"I'm so sorry."
"I'm fine."
"Your ankle is twisted."
"Is not that bad," Jazz said for the tenth time. And it really wasn't, she had worse before, and it would be healed in a few days, tops. She wasn't in top condition since she had to share her last dose of ectoplasm with him; but that didn't mean she would let a sprained ankle bother her so easily.
"Are you sure you are okay? Jason is an absolute unit."
"Hey."
"What? You know it's true!"
Dick nodded at Tim. "I almost broke my back trying to carry him piggyback once."
"Really?" Jazz looked up from where Alfred was kneeling with the first aid supplies. She had already tried to insist she could deal with it herself and had been ignored twice. "Are there photos of that?"
"Sadly, no."
"Damn."
"Aren't you supposed to be on my side?"
Jazz turned to smile at her boyfriend, not-that-secretly enjoying his slightly pink cheeks.
"Hmm?"
Everyone turned to look at Alfred when he hummed. The butler was frowning, eyes fixed on Jazz's right foot — not in her red and swollen ankle he was about to bandage, but on one of her toes.
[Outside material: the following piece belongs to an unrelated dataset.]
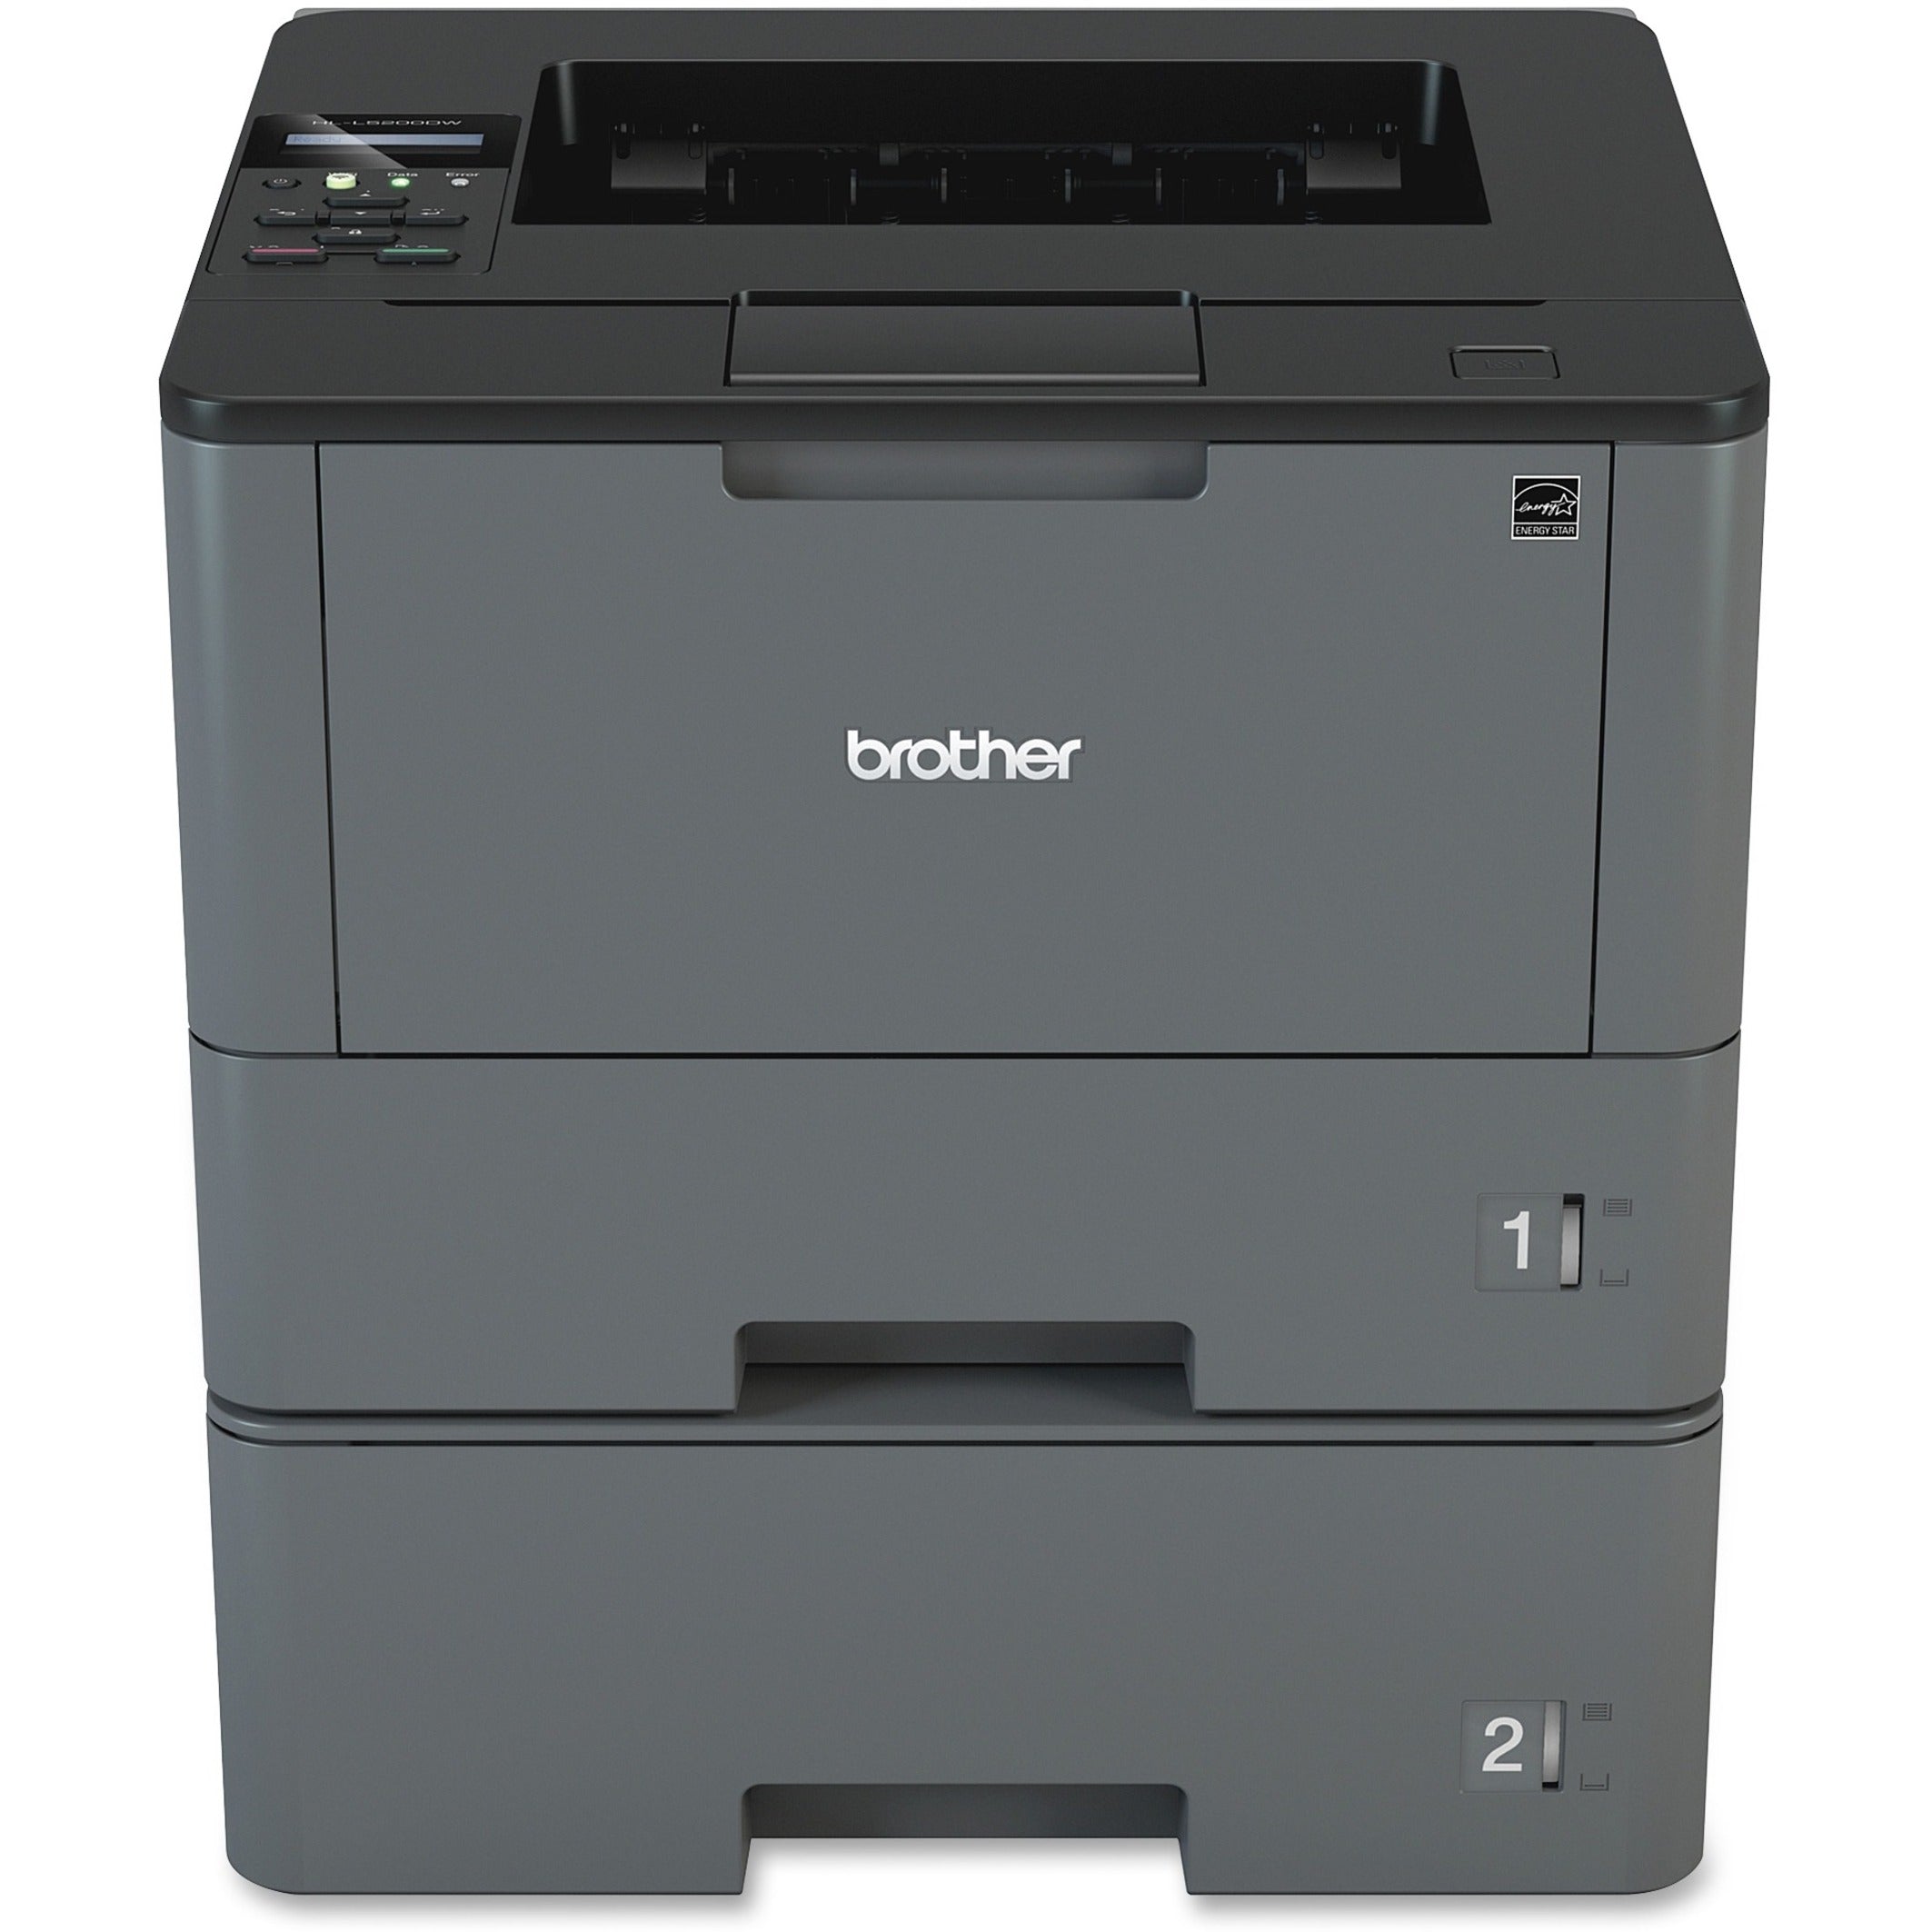 Brother HLL5200DWT HL-L5200DWT Monochrome Laser Printer, 42ppm, 250-Sheet Capacity, Black/Gray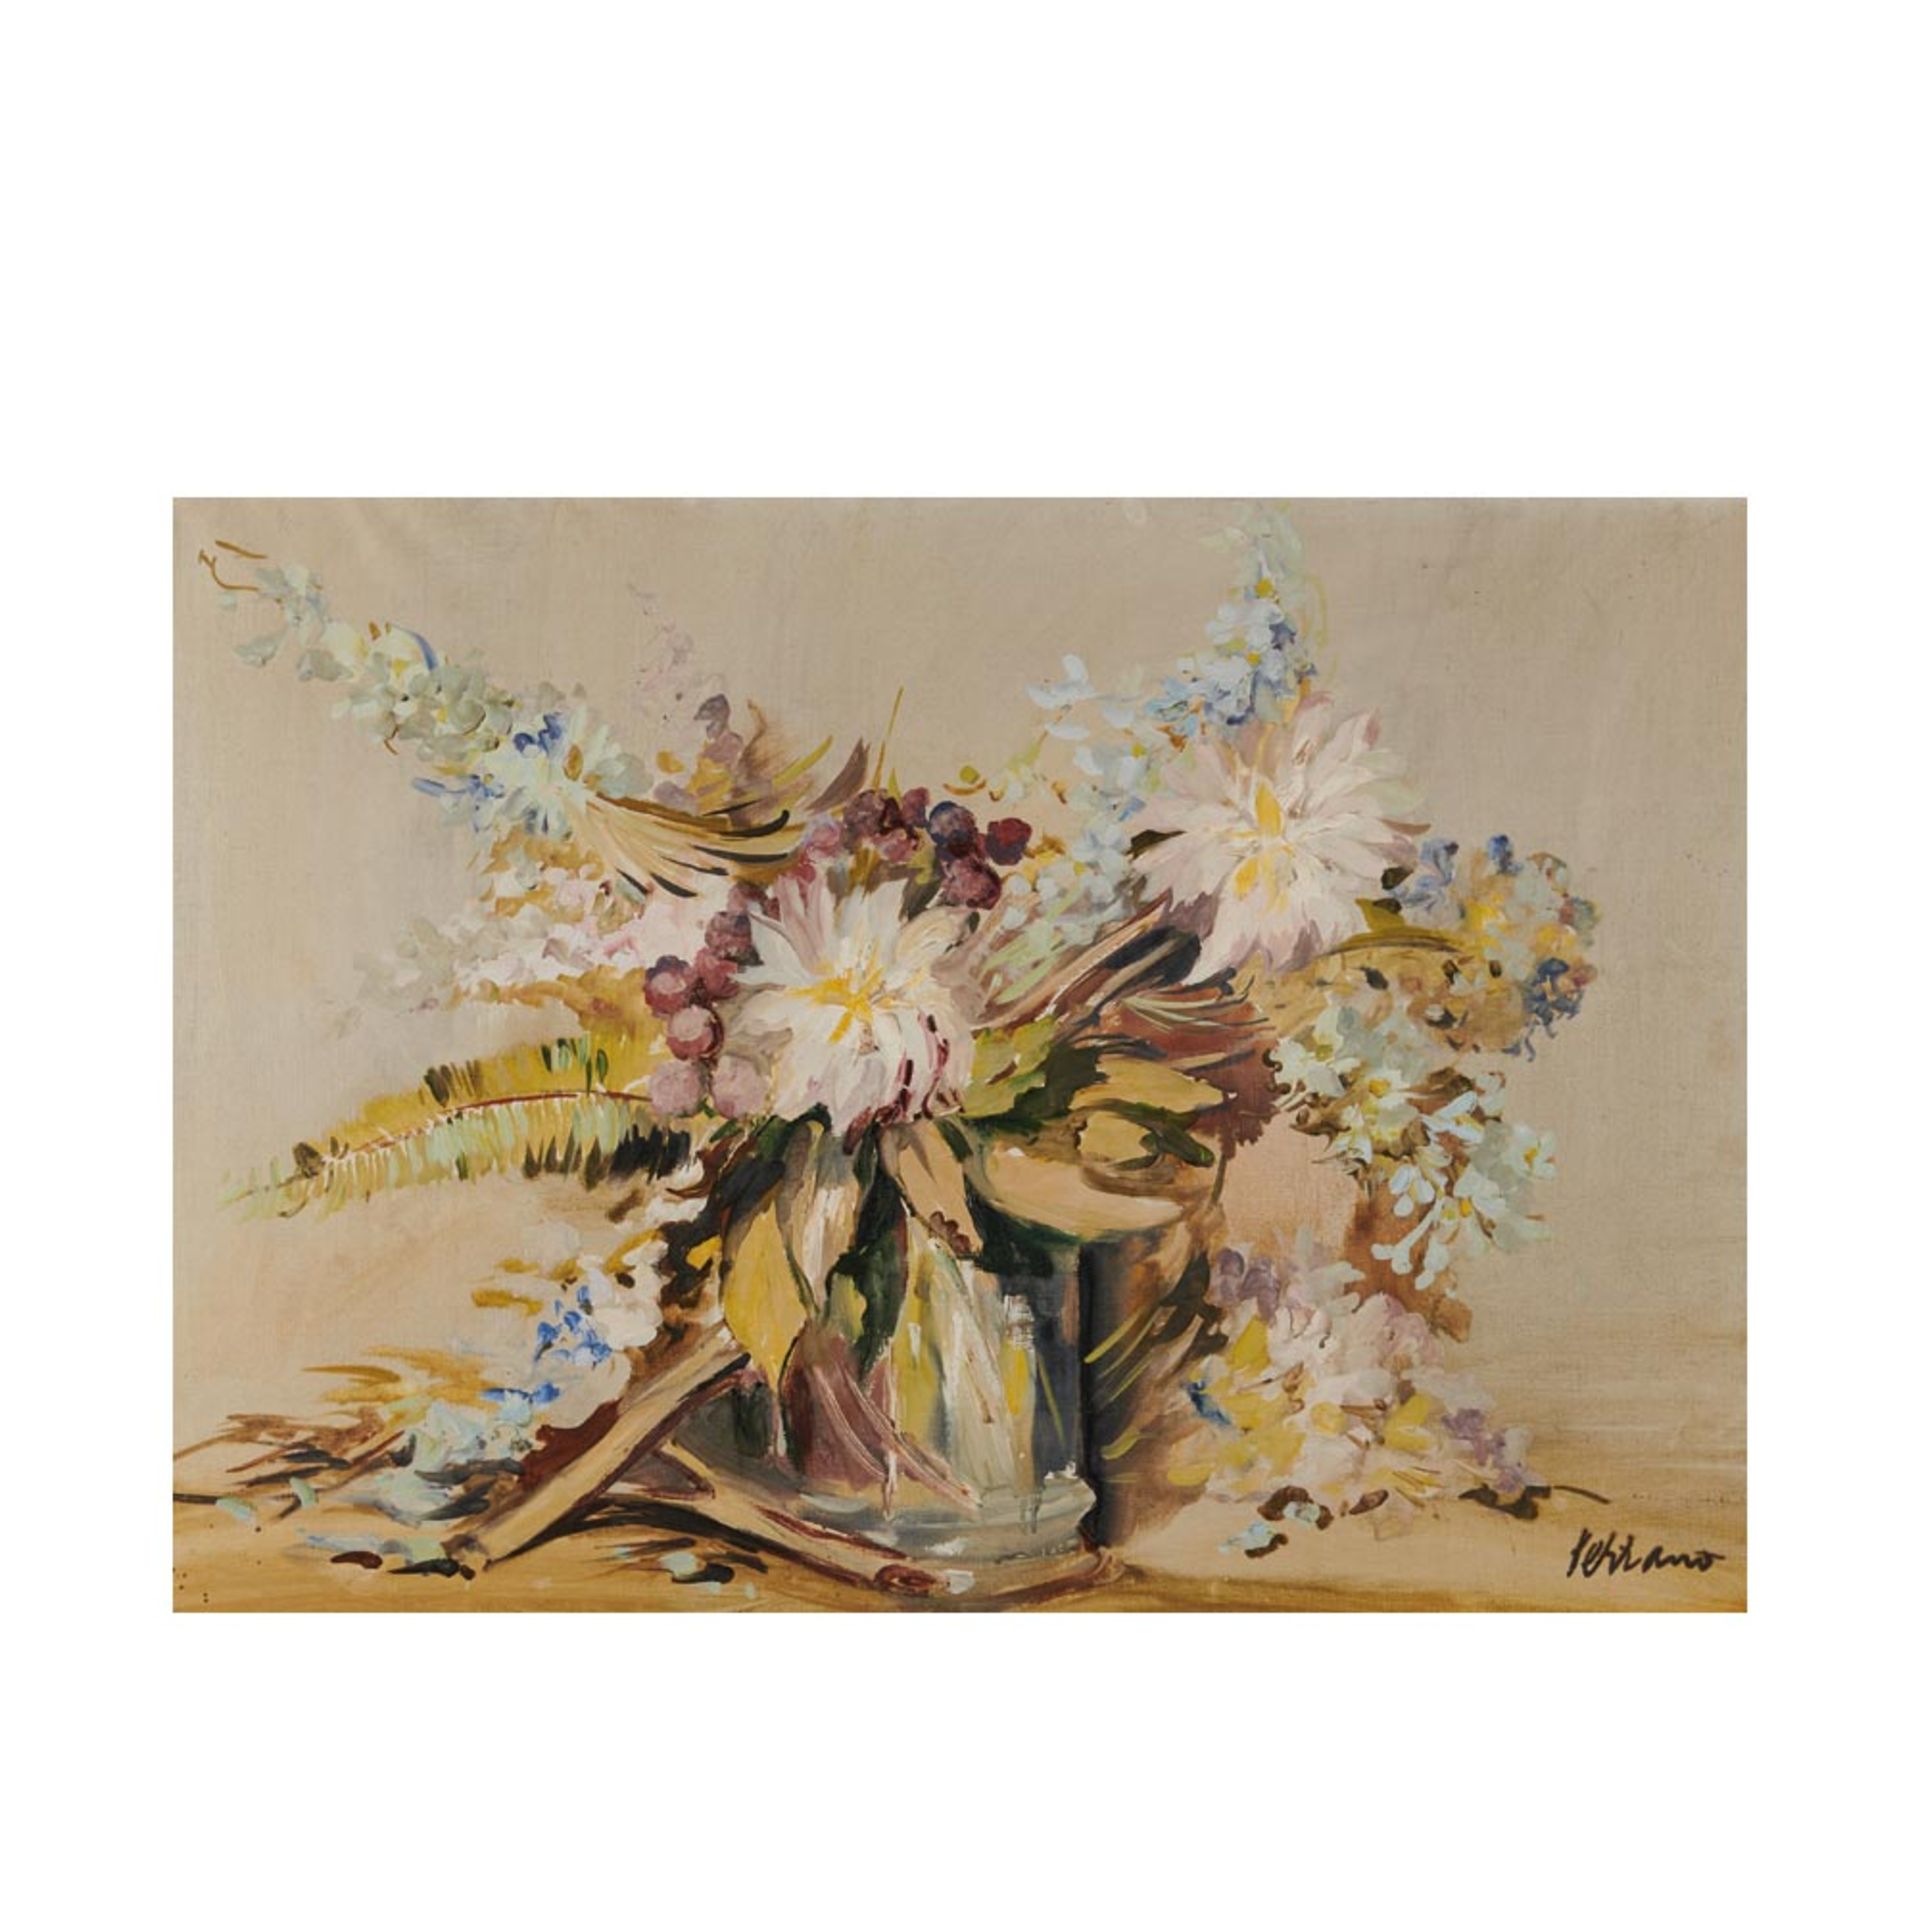 Josep Miquel Serrano (Barcelona, 1912-1982) Jarrón con flores. Óleo sobre tela. Firmado. 65 x 93

It was crooked and stood out next to the other perfectly aligned ones.
Oh. Right.
"What happened?"
Jazz felt a bit crowded when the siblings leaned in to see her foot. She could feel their eyes scrutinizing her feet, and she never felt more self conscious before. She could have painted her toenails, at least, but she didn't find time to do so before the dinner.
"I broke my toe a long time ago."
Dick wore what she had come to understand was his "that's nice" smile. She had seen him use it many times during gymnastics class, when he definitely had some comments to say but bit his tongue and said "that's nice" instead. He had used it with her a few times, but she didn't hold it against him.
"It didn't heal fine." Tim beat him to the comment. Jazz expected it, and sighed.
She gathered her thoughts as Alfred carefully twisted her foot this and that way, not upsetting her injured ankle.
"I was… eight? Ten? I think I was ten years old. I ran upstairs a bit too fast and stumbled with the last step and broke it." She fixed her eyes on her feet when she continued: "I thought — It was just one toe. I thought I could power through and it would heal on its own."
Someone tensed. From the corner of her eye she saw Bruce shuffle closer. She didn't miss his troubled eyes as she ranted about her childhood back at the dinner table.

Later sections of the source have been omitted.